== Segment start ==

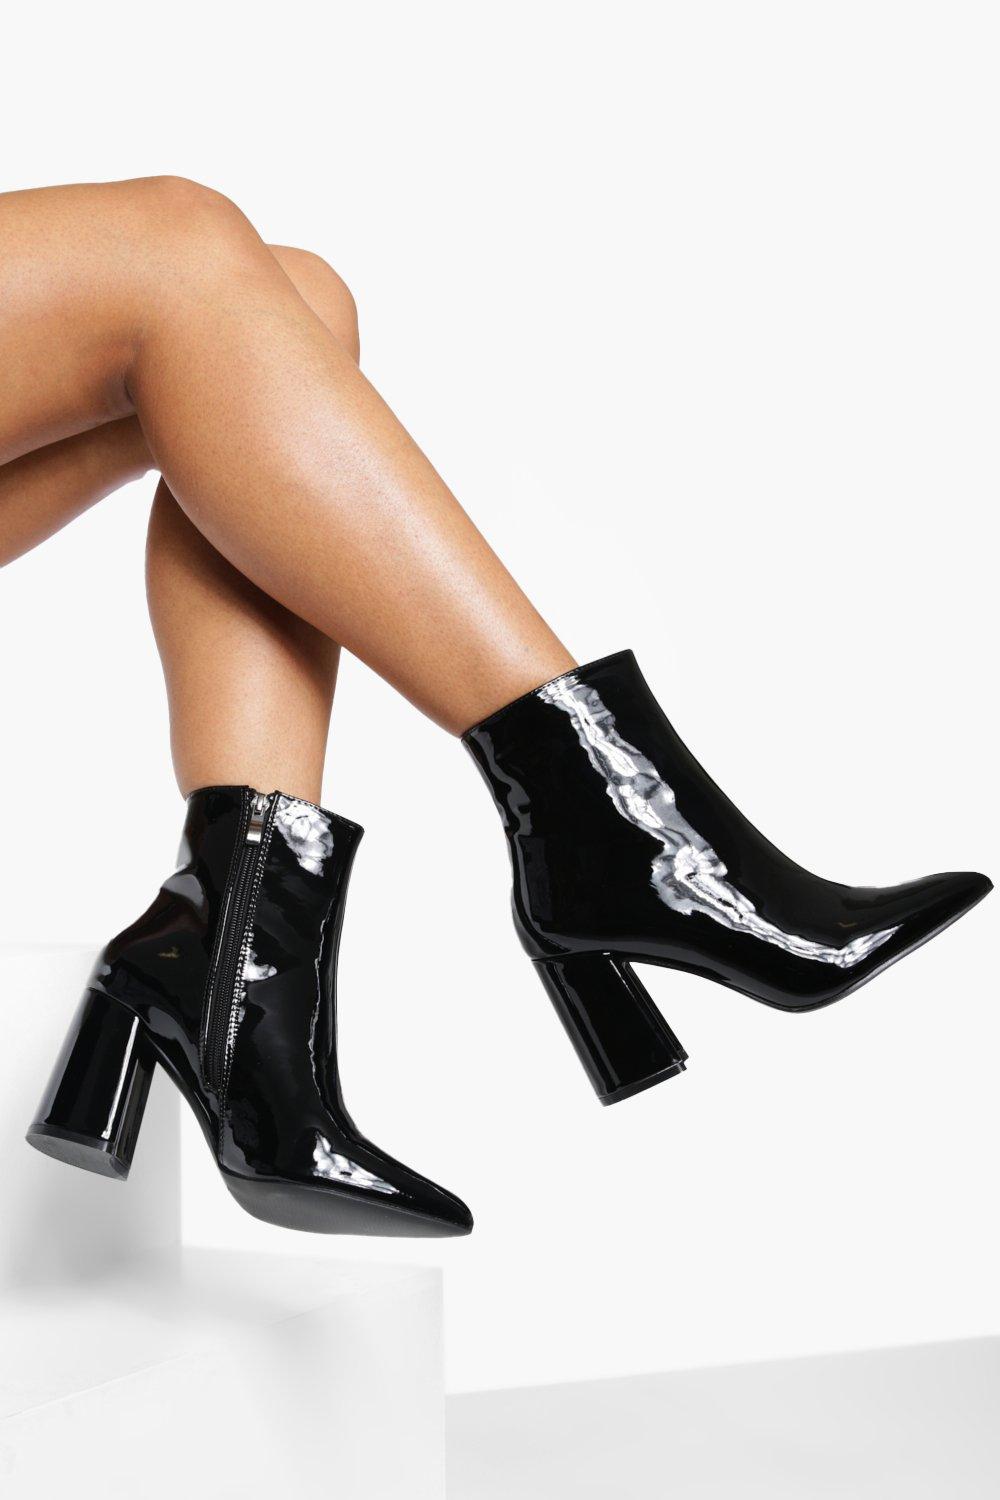 Shoe Boots | Women's Peep Toe & Heeled Booties | boohoo
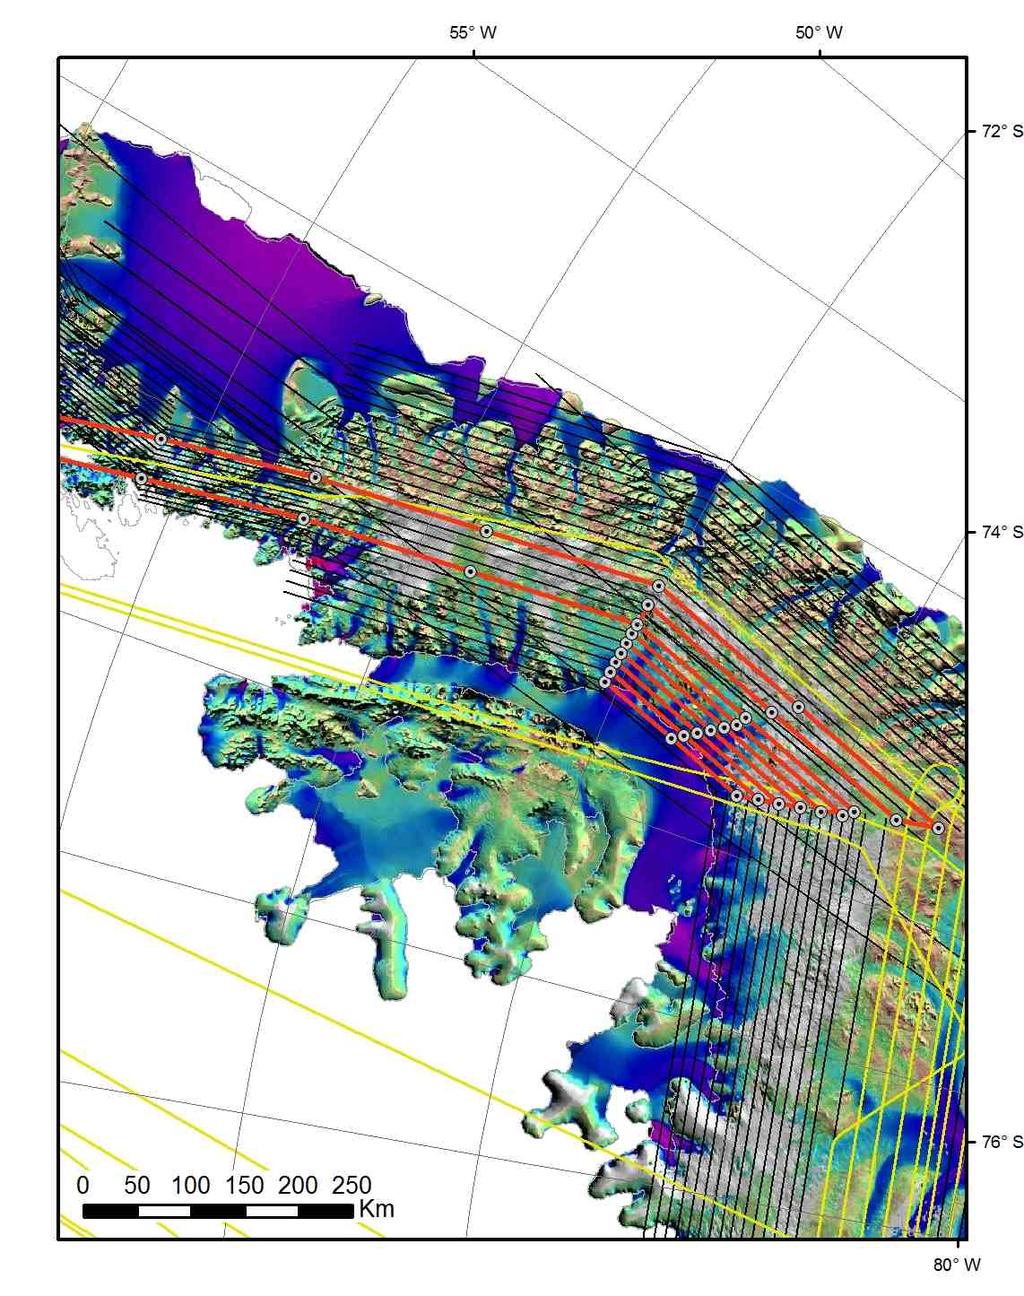 LVIS 2012 Antarctica Mapping Lines 7/13/12 12 Palmer: Priority 5 Flight: W Palmer
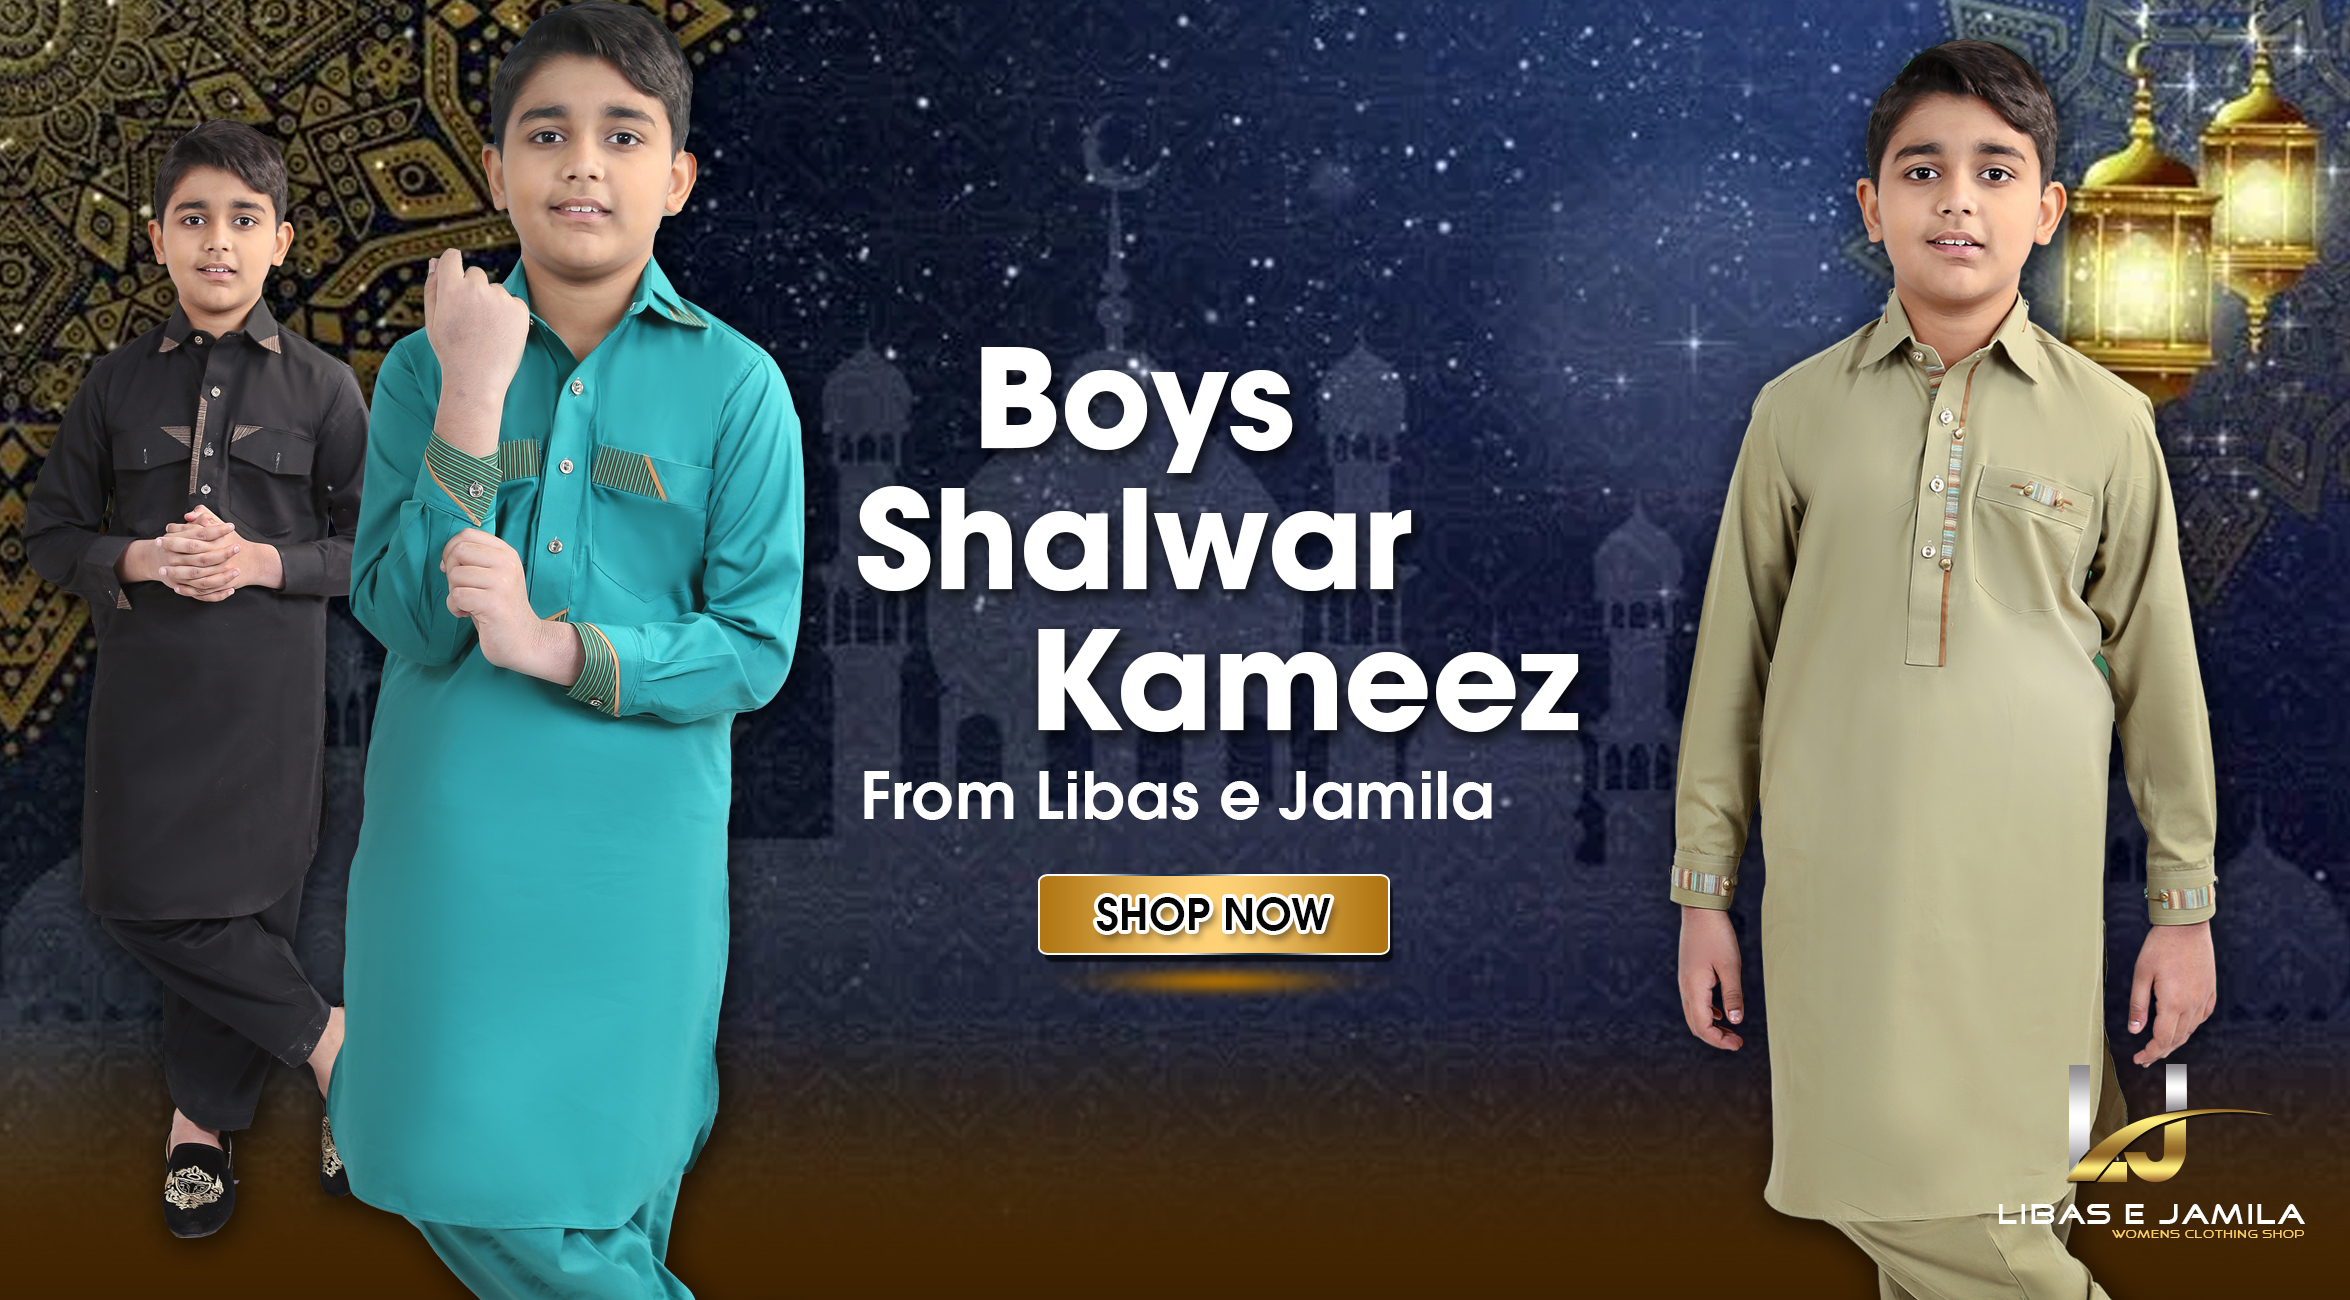 Boys-shalwar-kameez

== Segment end ==

• EXERCISE OBJECTIVE
Reproduce word for word the lines from the one containing "LVIS 2012 Antarctica" through the end of the data, both ends kept. Drop the pictures.

• EXERCISE OUTPUT
 LVIS 2012 Antarctica Mapping Lines 7/13/12 12 Palmer: Priority 5 Flight: W Palmer
 Boys-shalwar-kameez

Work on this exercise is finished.